Iloilo Business Park, also known just as Megaworld among the locals (after the developer's name), is a  mixed-use master-planned community development in Mandurriao, Iloilo City, Philippines by Megaworld Corporation. It is located on the site of Iloilo's former airport, Mandurriao Airport, which the conglomerate acquired for 1.2 Billion Pesos from the Philippine national government. Megaworld is projected to pour in ₱25 Billion for the entire development in a span of years. It is an integrated township project featuring a commercial district, a lifestyle mall, office buildings catering to business process outsourcing firms, boutique and deluxe hotels, and a convention center.
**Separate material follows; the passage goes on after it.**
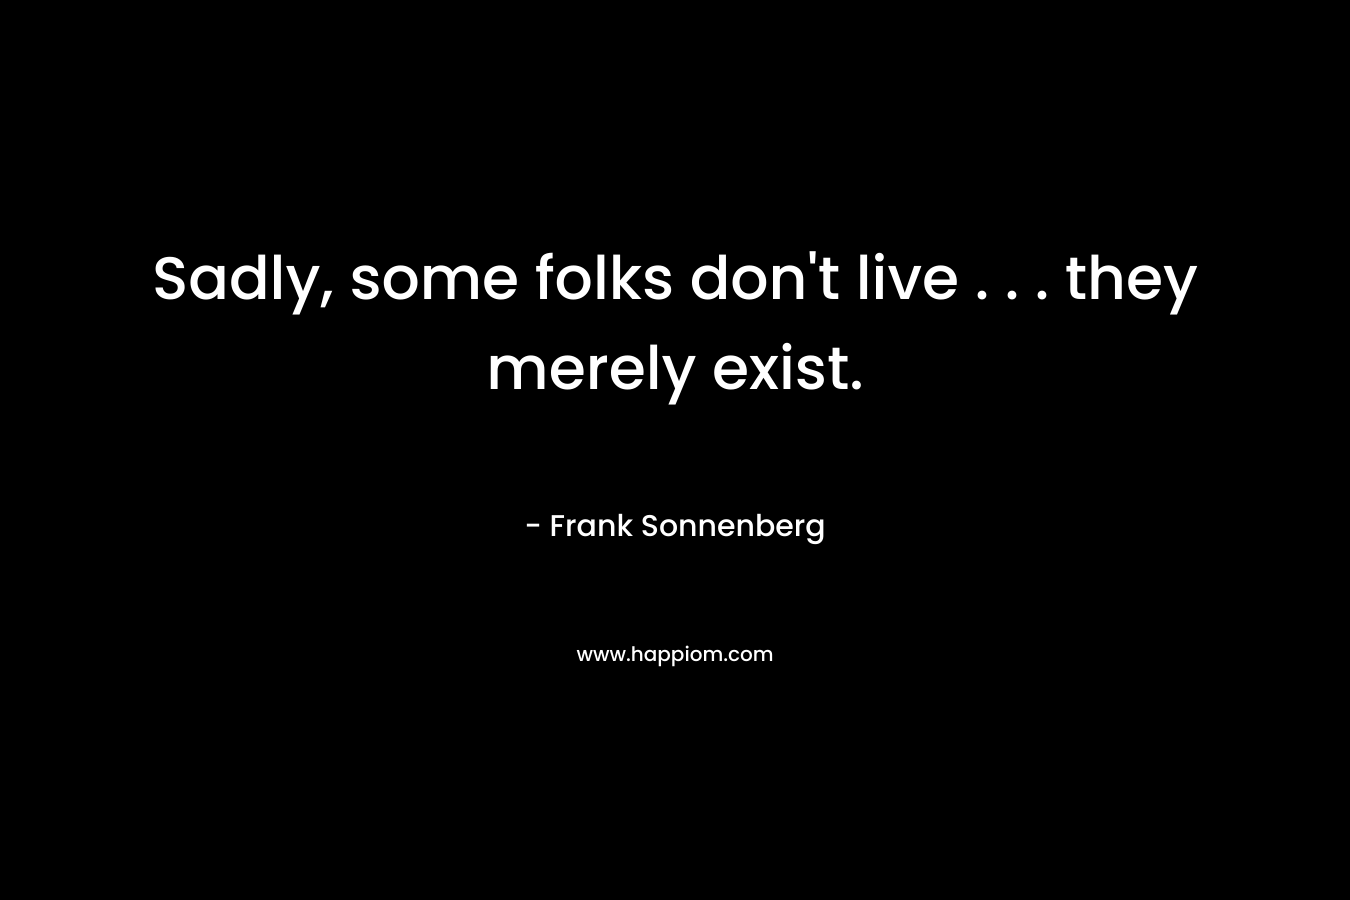 Sadly, some folks don't live . . . they merely exist.

Initial development includes construction of a road network, the 12-storey Richmonde Hotel Iloilo and Richmonde Tower, Festive Walk, Two Business Process Outsourcing office buildings. The IT complex has been certified as an information technology park by the Philippine Economic Zone Authority (PEZA), granting locators perks such as tax holidays and duty-free importation of equipment among others.

Megaworld is setting aside a 9.7-hectare lot for the boutique hotel and commercial district which is being offered to interested business owners.

Iloilo Business Park increased by an additional 18 hectares, bringing the project to roughly 72 hectares from its initial 54.5 hectare-size.
This is due to the increasing demand for residential and commercial properties and good reception to Megaworld's first development in the region and biggest township in the Visayas, modeled after the live-work-play approach that it claims to have pioneered in the Philippines.

Residential

One Madison Place Luxury Residences is Megaworld's 1,700-square meter residential development within Iloilo Business Park. It consists of three 10-story mid-rise towers along Megaworld Boulevard.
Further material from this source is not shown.